• Data records:

__________________________________________________

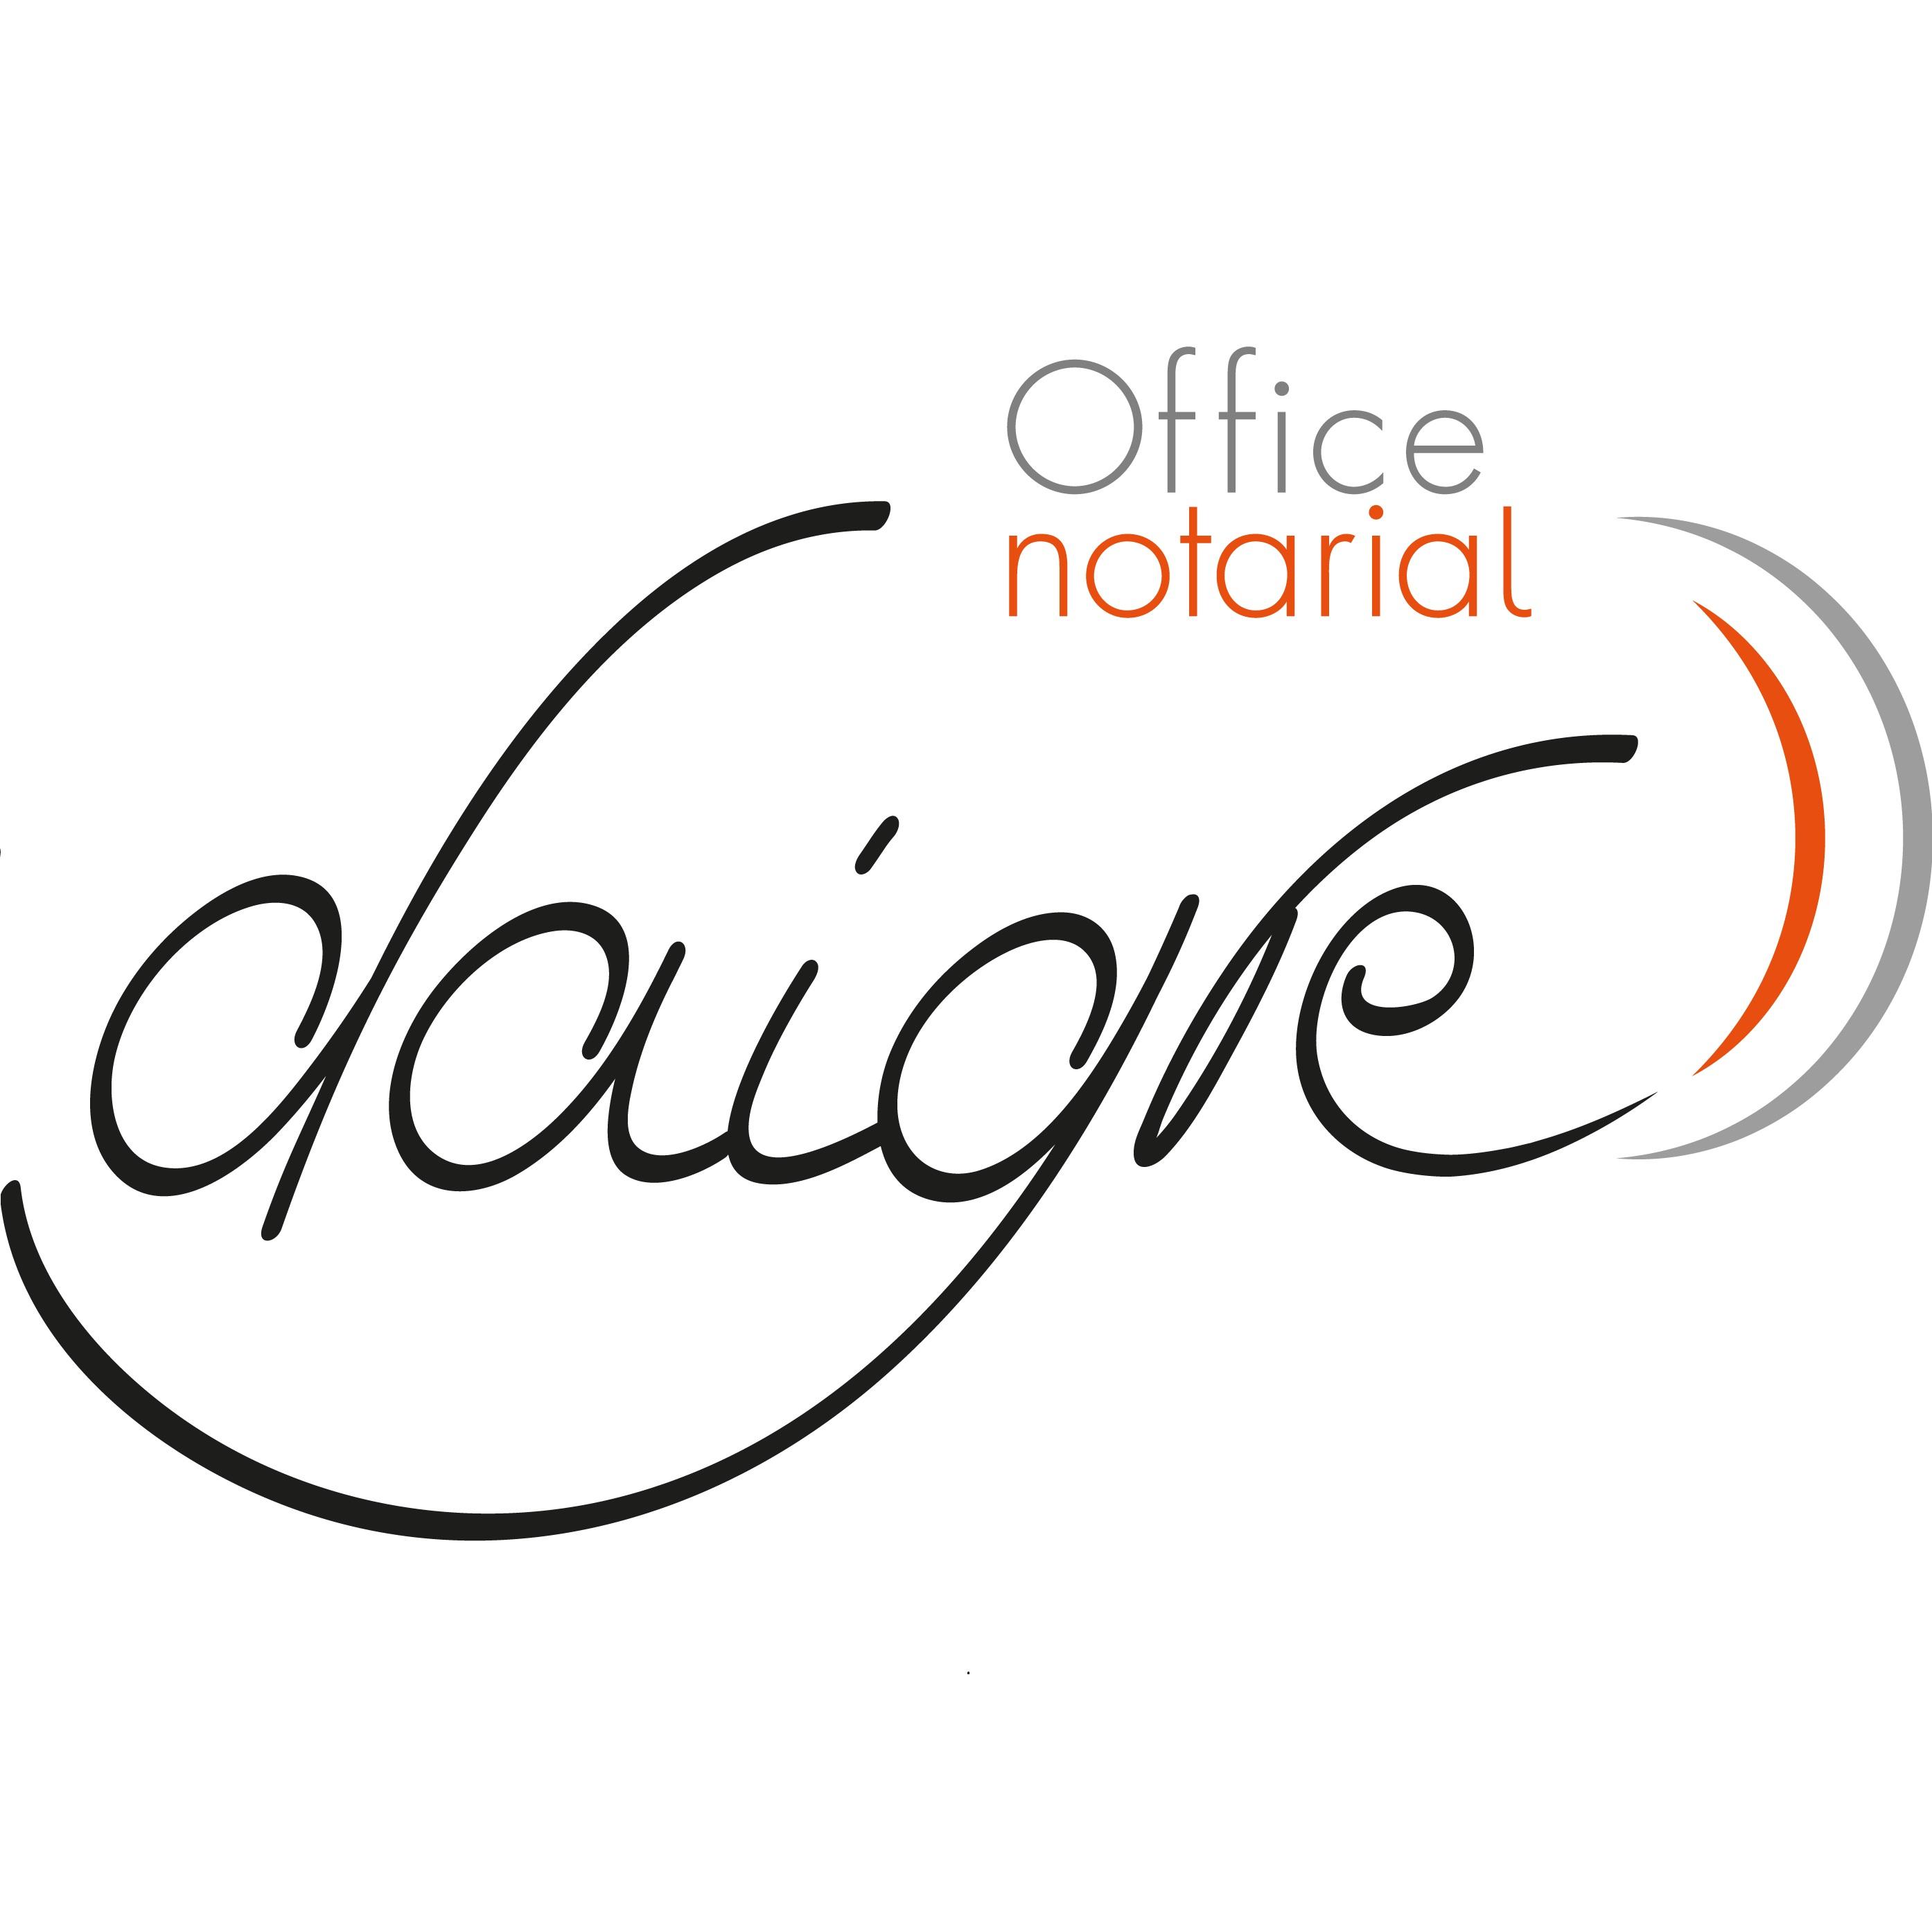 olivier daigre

__________________________________________________

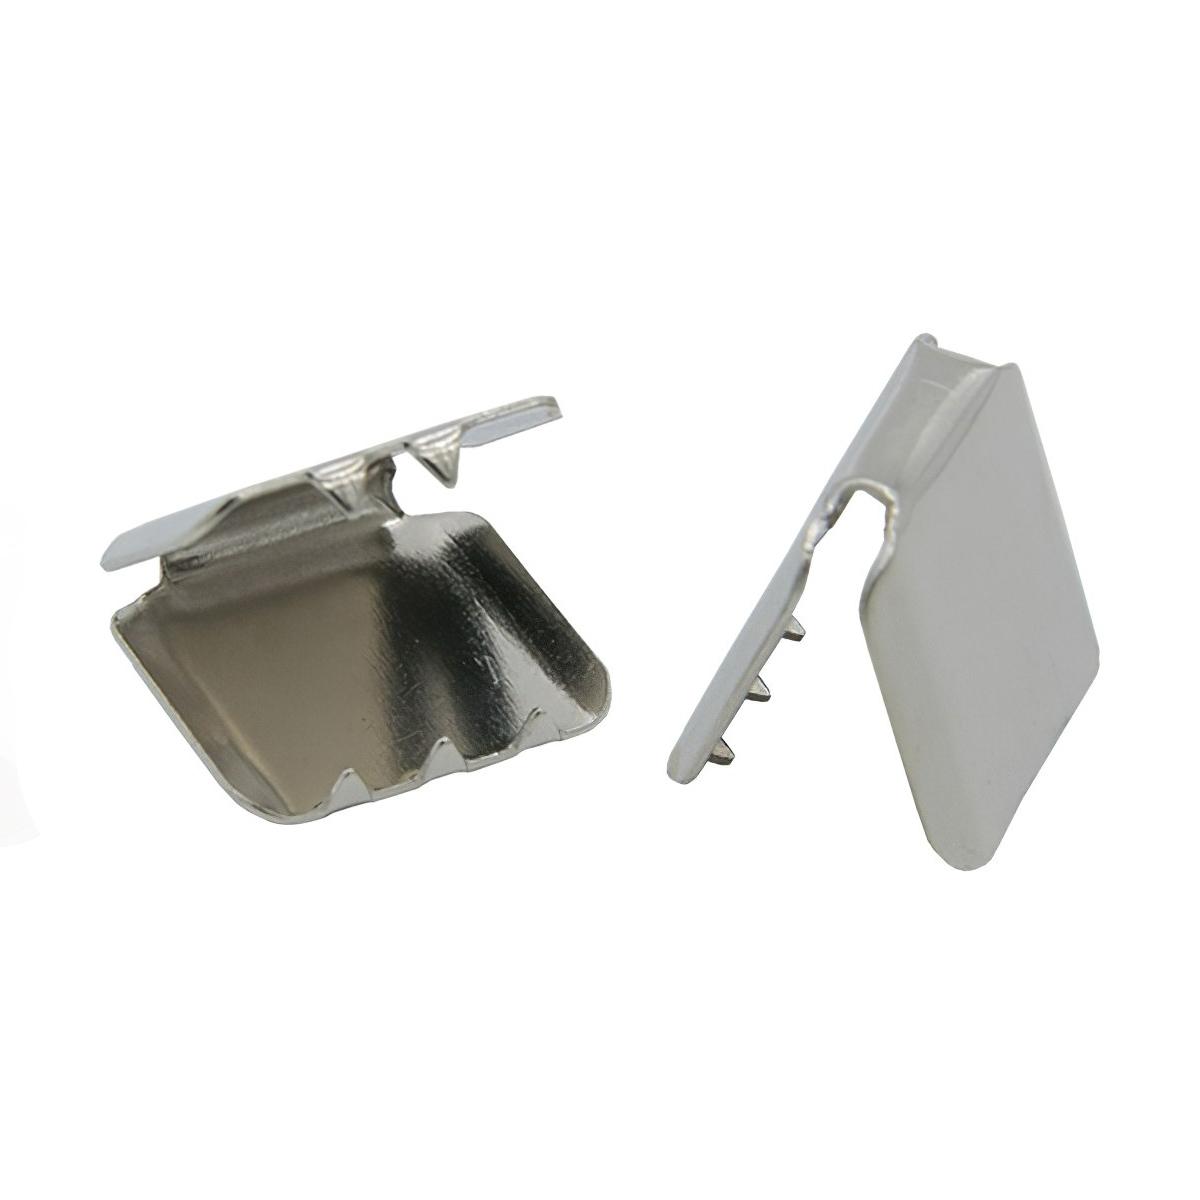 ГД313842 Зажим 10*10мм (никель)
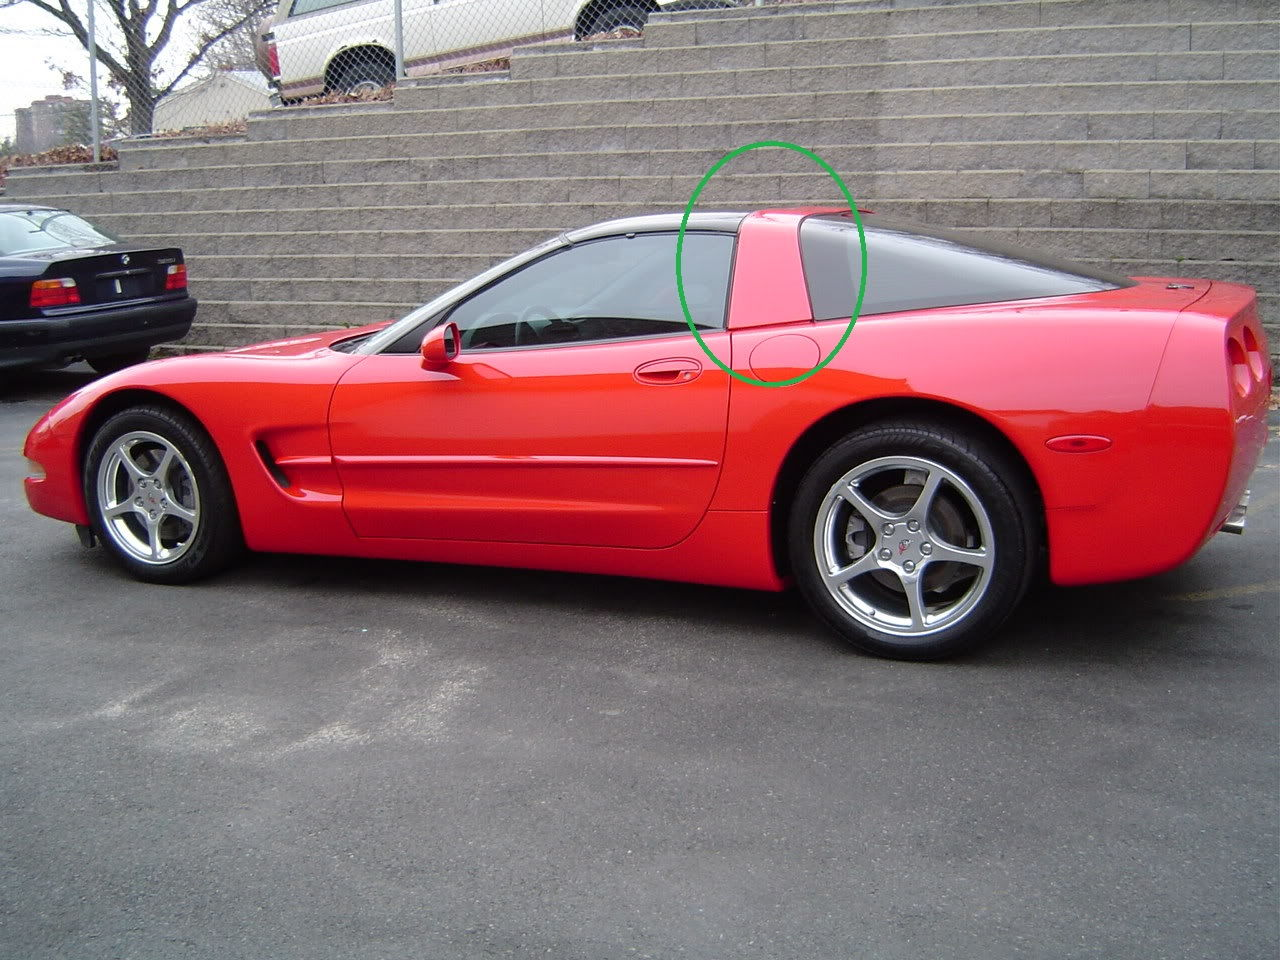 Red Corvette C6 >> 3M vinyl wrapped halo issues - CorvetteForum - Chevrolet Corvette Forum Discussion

__________________________________________________

• Action item:
Looking above, find the stretch of lines that opens with the one holding "ГД313842 Зажим 10*10мм (никель)" and closes with the one holding "Red Corvette C6". Copy it exactly, pictures excluded.

• Exercise response:
 ГД313842 Зажим 10*10мм (никель)
 Red Corvette C6 >> 3M vinyl wrapped halo issues - CorvetteForum - Chevrolet Corvette Forum Discussion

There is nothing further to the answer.